A continuación, el equipo utilizó la secuenciación en tiempo real de una sola molécula (SMRT) para monitorear los patrones de metilación en ratones. bacterias pelágicas. Detectaron heterogeneidad en el perfil de metilación de las bacterias incluso en el «nivel de estrés». Esto significa que los eventos celulares dinámicos están ocurriendo dentro bacterias pelágicas en las aguas superficiales del noroeste del Océano Pacífico.

Un análisis comparativo de los genomas bacteriano y viral también proporcionó pistas sobre sus patrones evolutivos e interacciones. El equipo encontró patrones de metilación desiguales en KAND. s. Genoma de Giovannoni NP1, lo que sugiere posibles mecanismos de defensa empleados por esta bacteria.

Estos resultados ya han allanado el camino para una nueva era de epigenética, que mide directamente la metilación en los microbios ambientales. La posibilidad de estudiar el epigenoma de diferentes organismos simultáneamente es de gran alcance, explica el profesor Saul, por conjetura, «Junto con los estudios para identificar los patrones de metilación de las cepas que exhiben patogenicidad real, nuestro estudio también ayuda a descubrir objetivos candidatos para prevenir la patogenicidad en el medio ambiente.
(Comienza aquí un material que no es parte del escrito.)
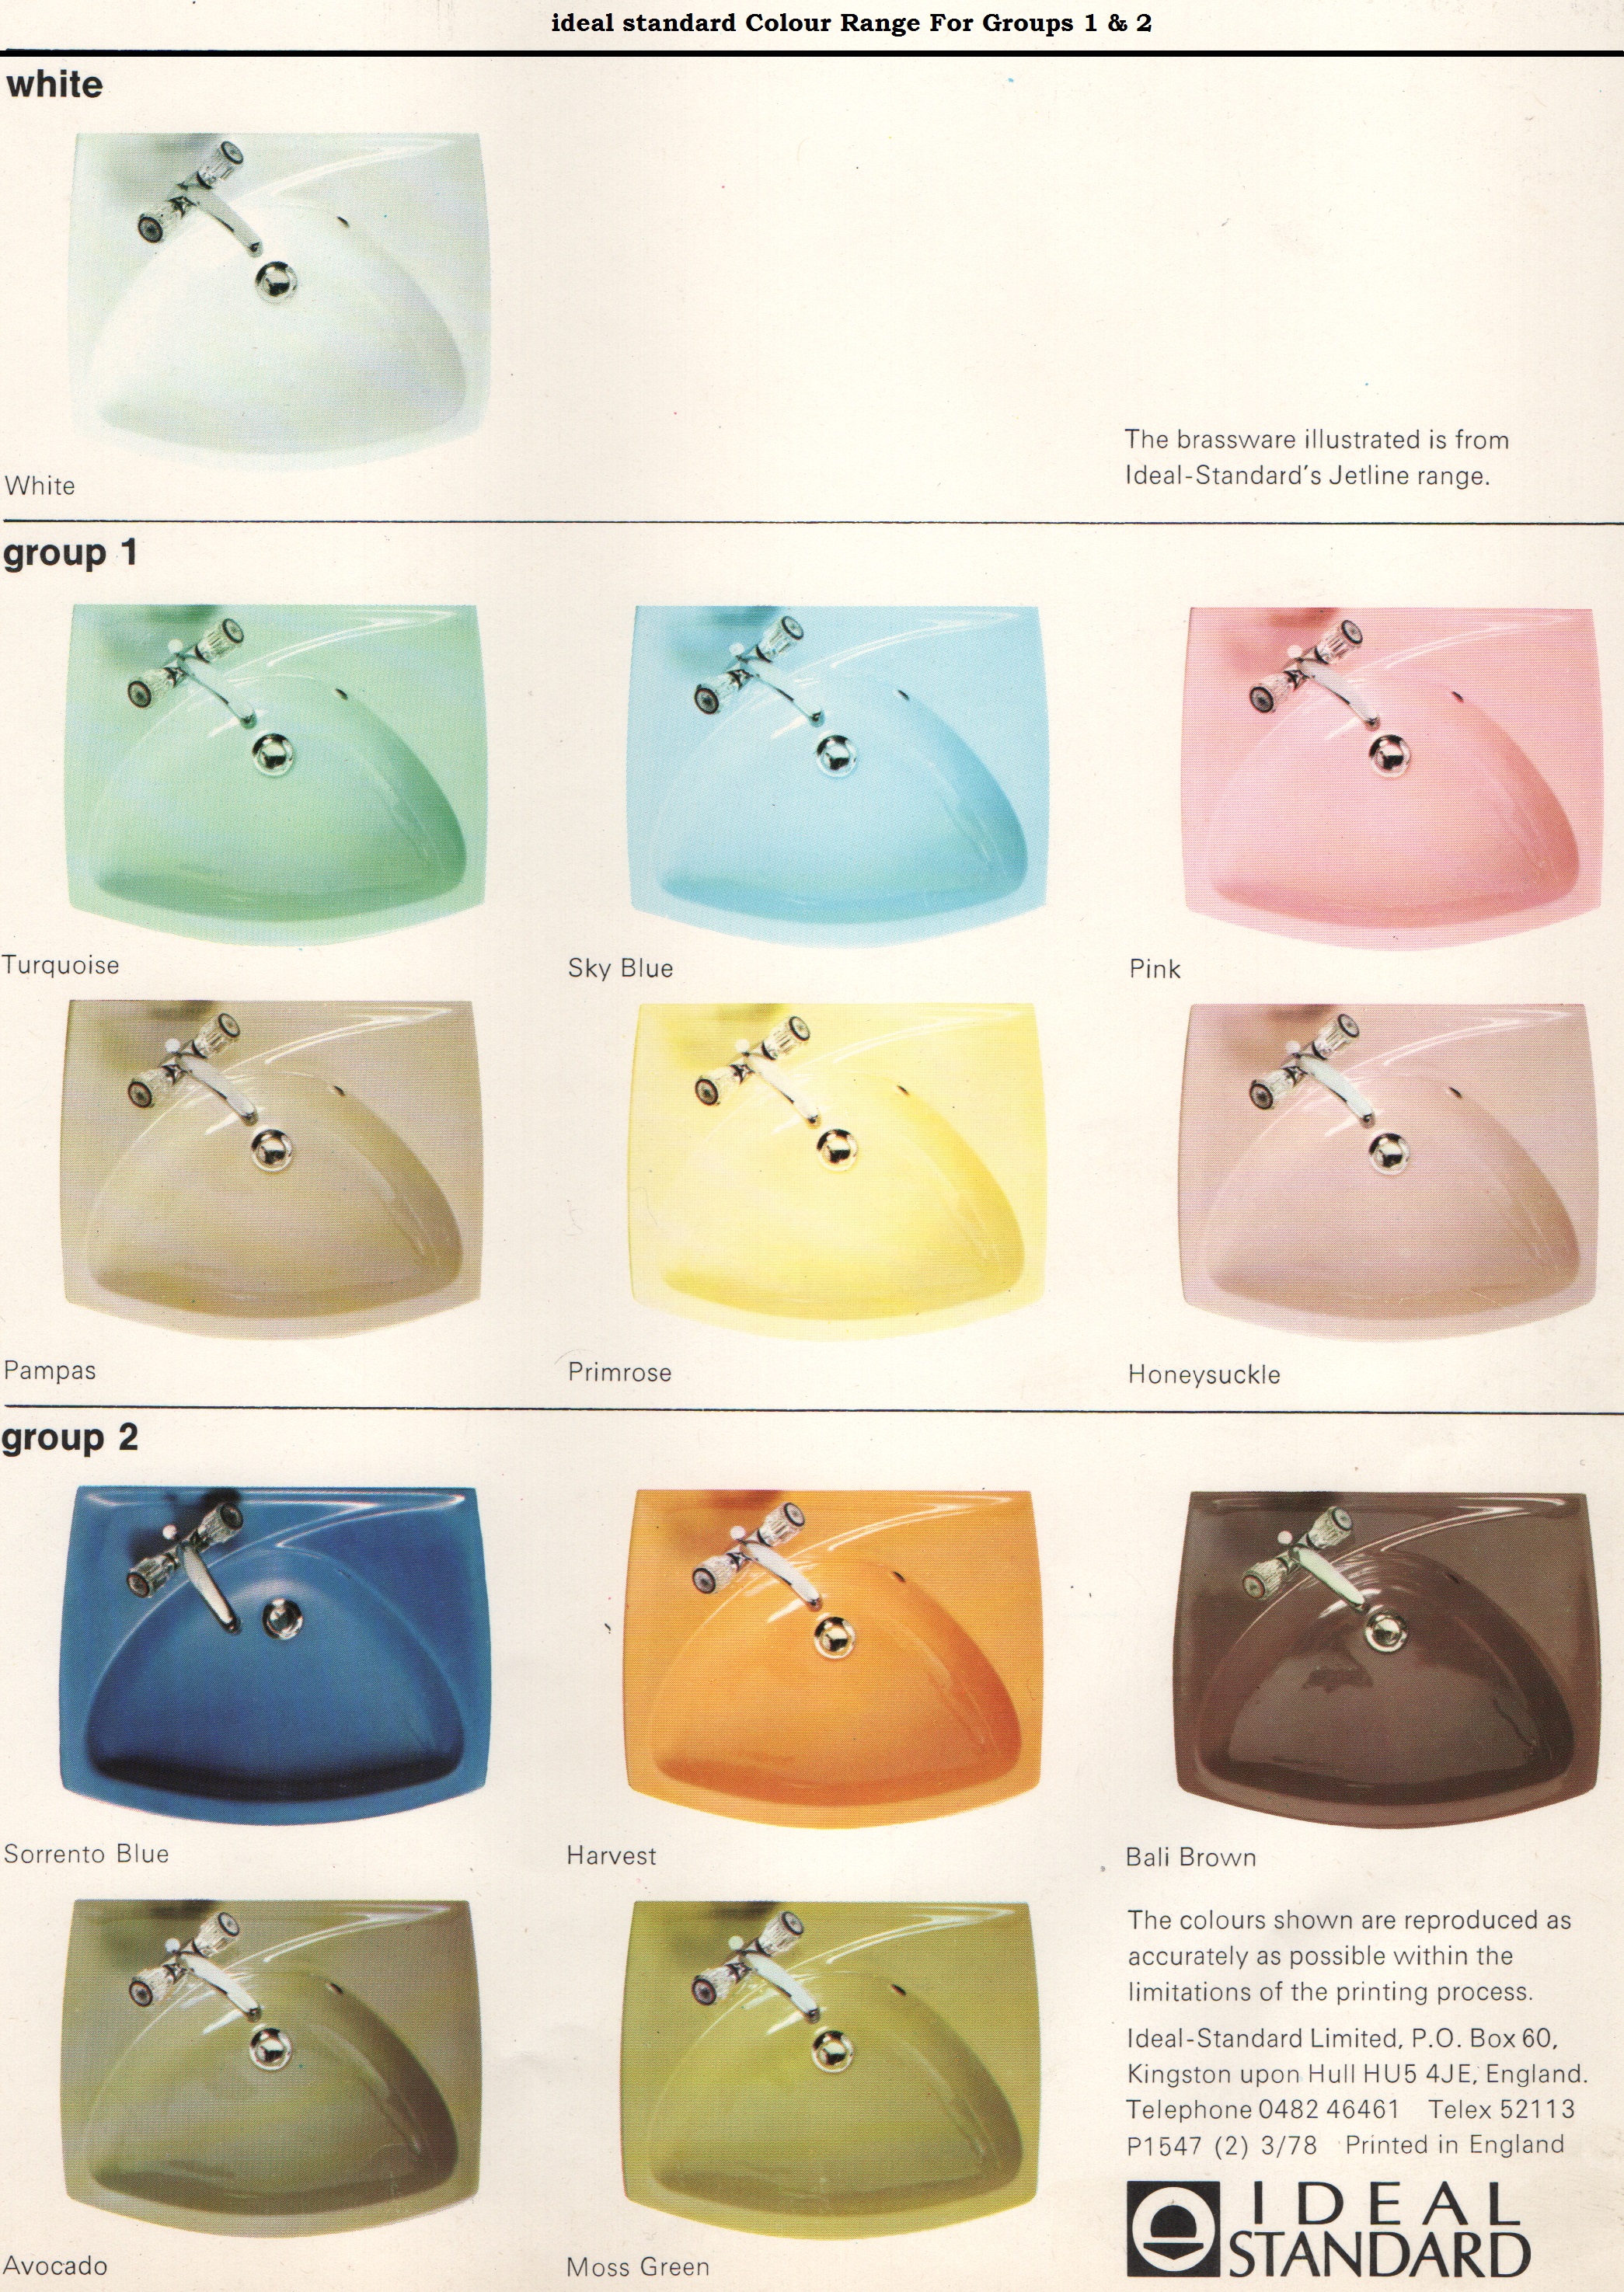 Discontinued Coloured Toilet Seats

Esto podría ser de gran importancia para los sistemas mundiales de salud pública al detectar señales patogénicas que amenazan la salud humana.«.

***

Referencia

Autores: Hoon Je Seong1Simón Rowe2Chung Yun Hwang3 y Woo Jun Sul1

DOI: https://doi.org/10.1186/s40168-022-01340-w

Afiliaciones:

1 Departamento de Biotecnología de Sistemas, Universidad Chung-Ang, Anseong, República de Corea.
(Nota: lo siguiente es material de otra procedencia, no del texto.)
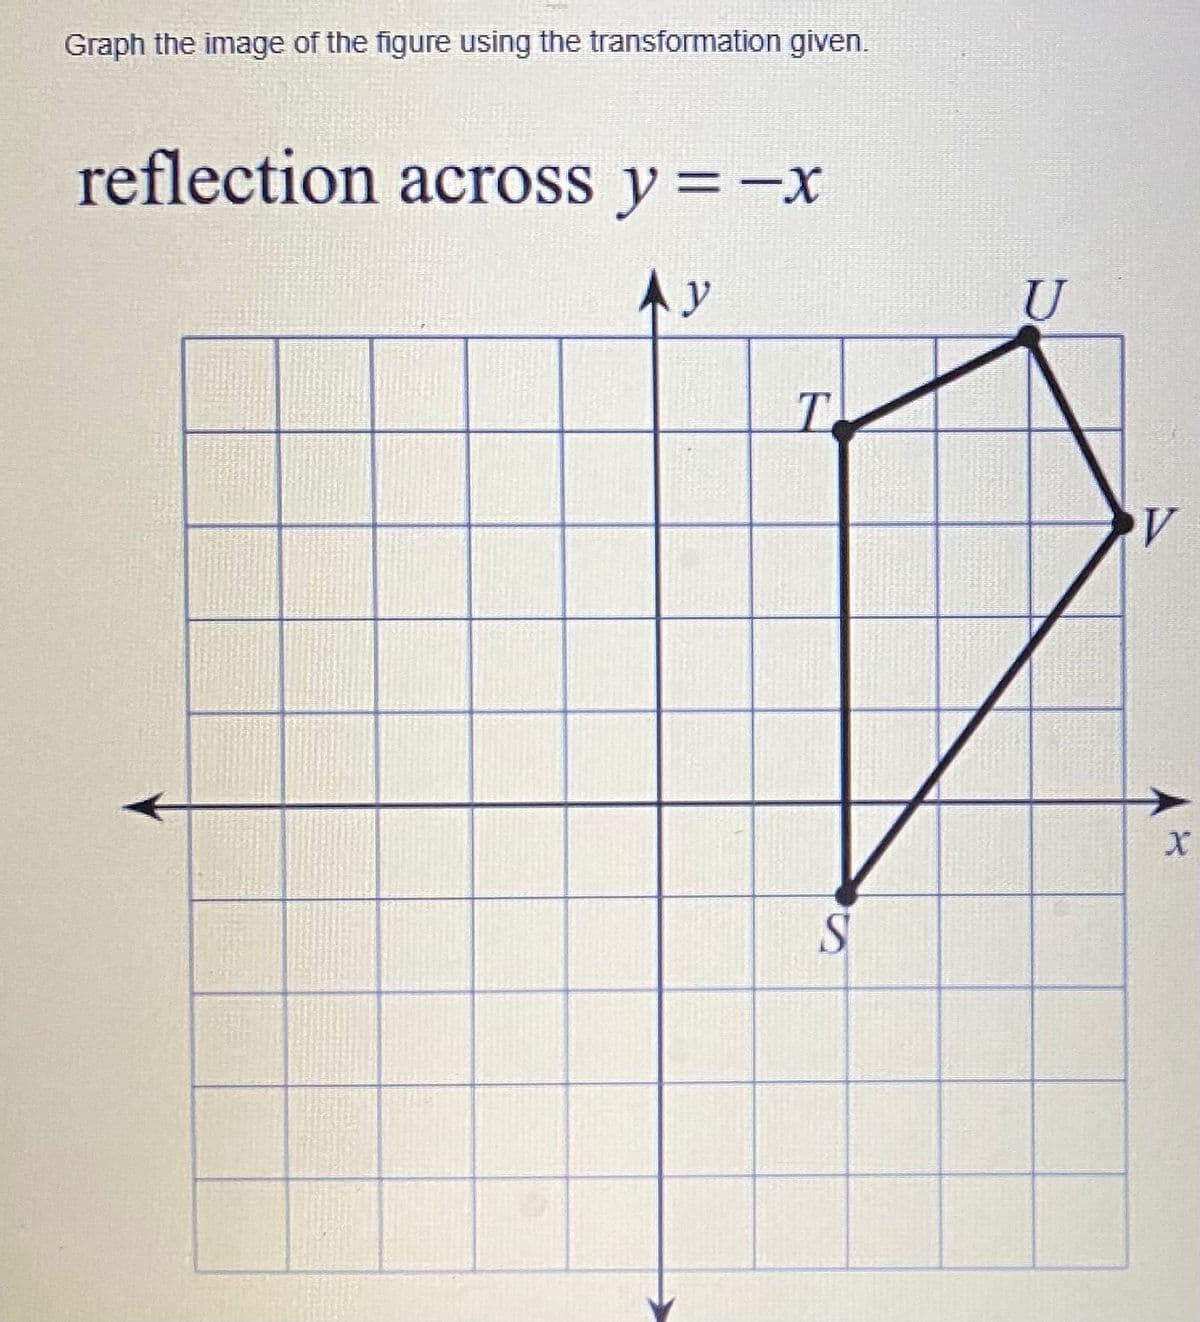 Graph the image of the figure using the transformation given.
reflection across y =-x
Ay
T.
V

2DOE Joint Genome Institute, Laboratorio Nacional Lawrence Berkeley, Berkeley, CA, EE. UU.

3Escuela de Ciencias Ambientales y de la Tierra e Instituto de Investigación de Oceanografía, Universidad Nacional de Seúl, Seúl, República de Corea.

READ  La estructura del programa y la dinámica de grupo son esenciales para el éxito de la intervención contra el VIH

sobre el profesor Woo Jun Seul Min Universidad Chung-Ang

El Dr. Woo Jun-sul es profesor en el Departamento de Biotecnología de Sistemas y Director del Centro de Investigación de Biotecnología y Piel de la Universidad de Chung-Ang, Corea del Sur. Obtuvo su Ph.D. en ecología microbiana de la Universidad Estatal de Michigan, EE. UU. en 2010. Actualmente, su investigación se centra en la ecología microbiana, la teoría ecológica y el uso de la genómica y la genómica para comprender la reproducción, la estructura y la función de la comunidad, así como en el microbioma de la piel humana.
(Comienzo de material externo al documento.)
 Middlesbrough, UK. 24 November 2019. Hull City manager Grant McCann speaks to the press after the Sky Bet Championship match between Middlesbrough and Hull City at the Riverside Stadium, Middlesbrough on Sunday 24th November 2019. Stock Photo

sobre el dr. hun ji seung min Corporación Macrogen

El Dr. Hoon Ji-seong trabaja actualmente como director de análisis de microbiomas en la empresa de secuenciación conocida como Macrogen, Inc. Es el responsable de estudiar el microbioma intestinal de los niños afectados por varios exosomas ambientales. Antes de trabajar para esta empresa, obtuvo su Ph.D. en Ecología Microbiana bajo la supervisión del profesor Woo Jun-Sol en la Universidad Chung-Ang en 2022.


Descargo de responsabilidad: AAAS y Eurek Alert! No es responsable de la exactitud de los boletines enviados en EurekAlert! A través de organizaciones colaboradoras o por utilizar cualquier información a través del sistema EurekAlert.